This section covers the following DDN arrays:
- S2A 8500
- S2A 9500
- S2A 9550
Setting Readahead and MF
For the S2A DDN 8500 storage array, we recommend that you disable readahead. In a 1000-client system, if each client has up to 8 read RPCs in flight, then this is 8 * 1000 * 1 MB = 8 GB of reads in flight. With a DDN cache in the range of 2 to 5 GB (depending on the model), it is unlikely that the LUN-based readahead would have ANY cache hits even if the file data were contiguous on disk (generally, file data is not contiguous). The Multiplication Factor (MF) also influences the readahead; you should disable it.

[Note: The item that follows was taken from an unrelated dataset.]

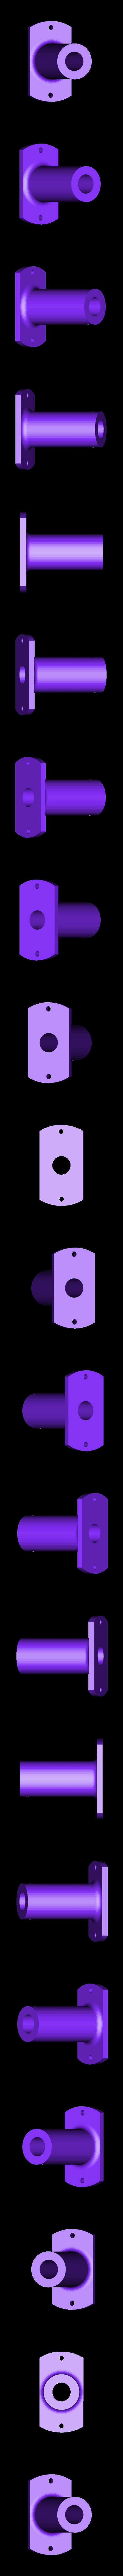 LP-Front-Stop101.stl Download free STL file Jet Engine, 3-Spool • 3D printable object, konchan77
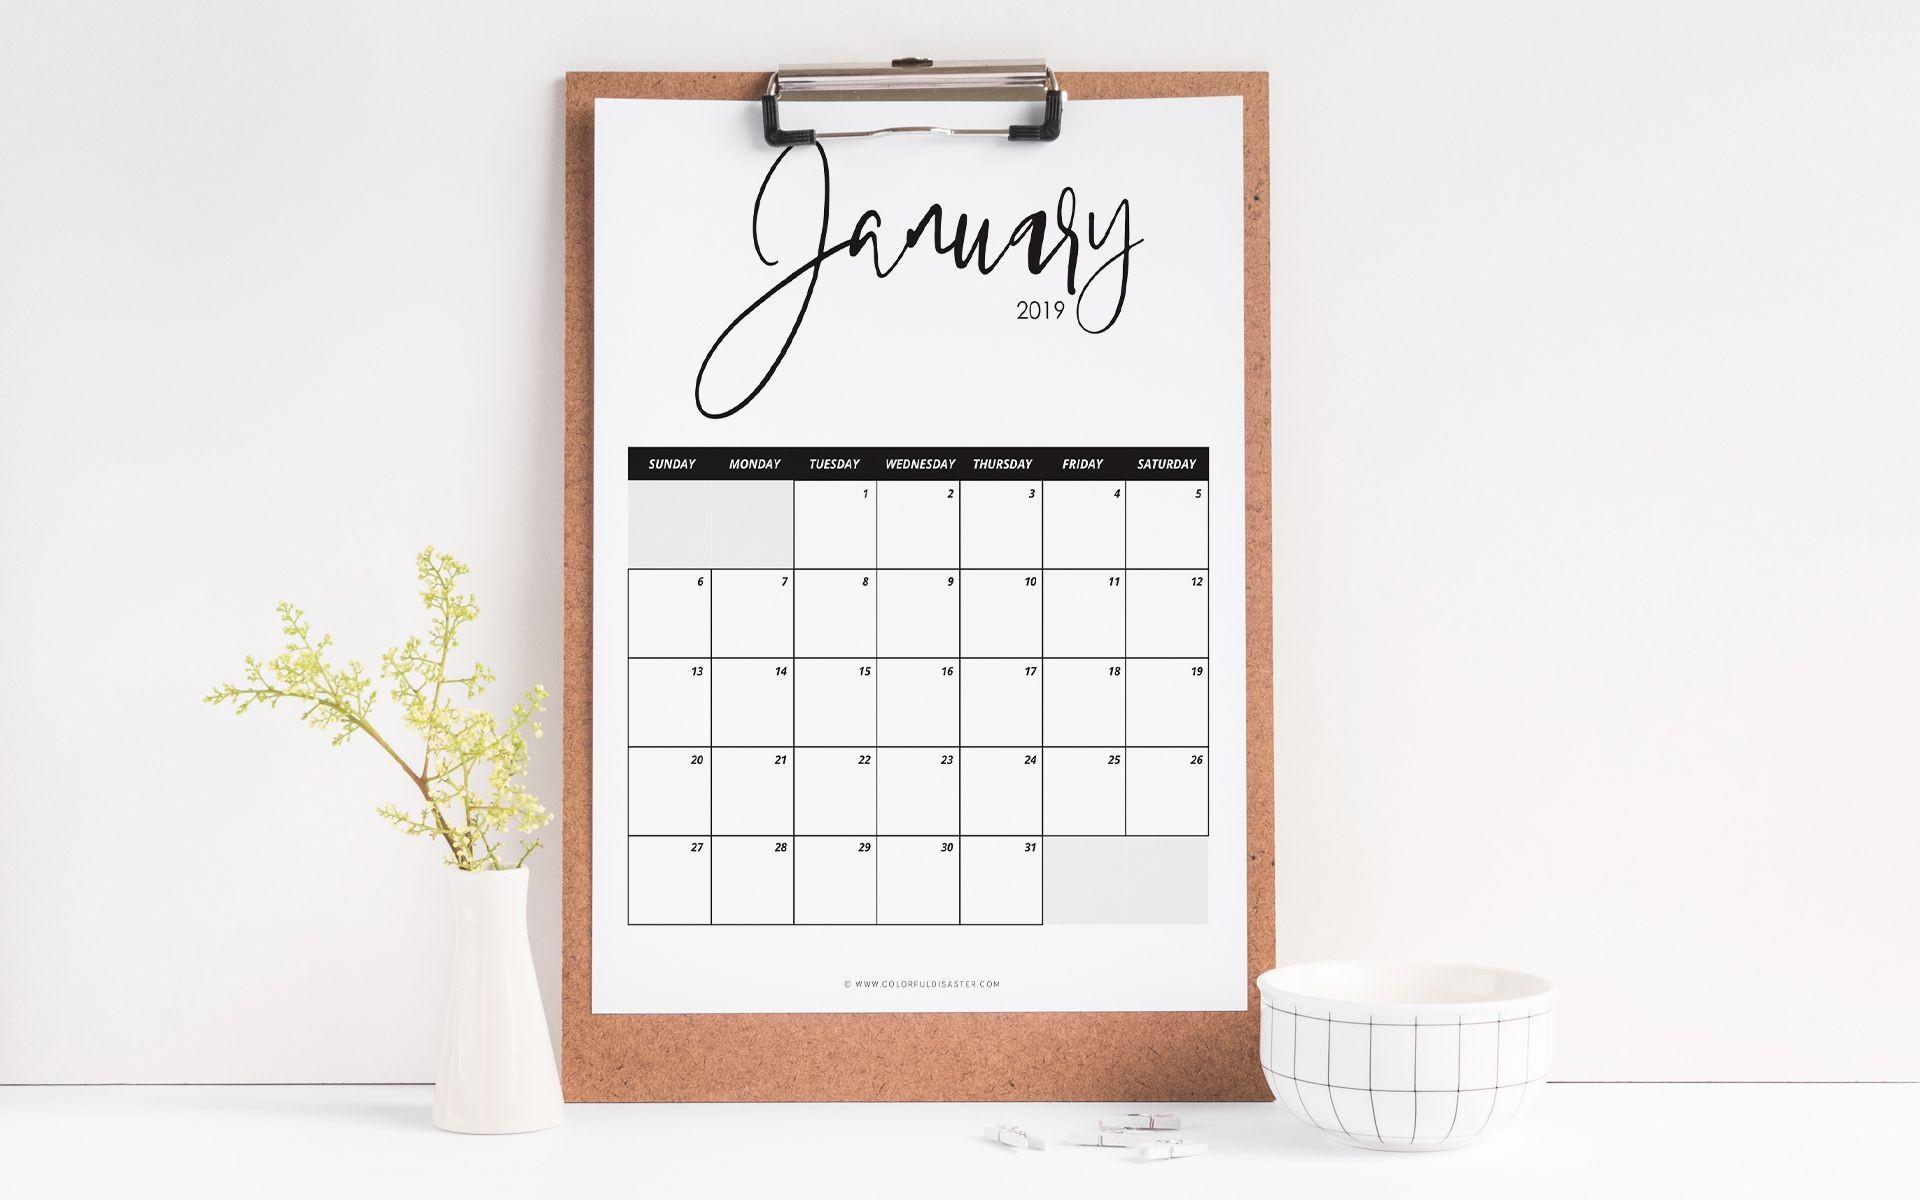 10 Stylish Free Printable Calendars for 2019

CLI commands for the DDN are:
cache prefetch=0 cache MF=off
For the S2A 9500 and S2A 9550 DDN storage arrays, we recommend that you use the above commands to disable readahead.
Setting Segment Size
The cache segment size noticeably affects I/O performance. Set the cache segment size differently on the MDT (which does small, random I/O) and on the OST (which does large, contiguous I/O). In customer testing, we have found the optimal values to be 64 KB for the MDT and 1 MB for the OST.
Note: The cache size parameter is common to all LUNs on a single DDN and cannot be changed on a per-LUN basis.
These are CLI commands for the DDN.
- For the MDT LUN:
$ cache size=64 size is in KB, 64, 128, 256, 512, 1024, and 2048. Default 128
- For the OST LUN:
$ cache size=1024
Setting Write-Back Cache
Performance is noticeably improved by running Lustre with write-back cache turned on. However, there is a risk that when the DDN controller crashes you need to run e2fsck. Still, it takes less time than the performance hit from running with the write-back cache turned off.
For increased data security and in failover configurations, you may prefer to run with write-back cache off. However, you might experience performance problems with the small writes during journal flush. In this mode, it is highly beneficial to increase the number of OST service threads option ost ost_num_threads=512 in /etc/modprobe.conf. The OST should have enough RAM (about 1.5 MB /thread is preallocated for I/O buffers). Having more I/O threads allows you to have more I/O requests in flight, waiting for the disk to complete the synchronous write.
You have to decide whether performance is more important than the slight risk of data loss and downtime in case of a hardware/software problem on the DDN.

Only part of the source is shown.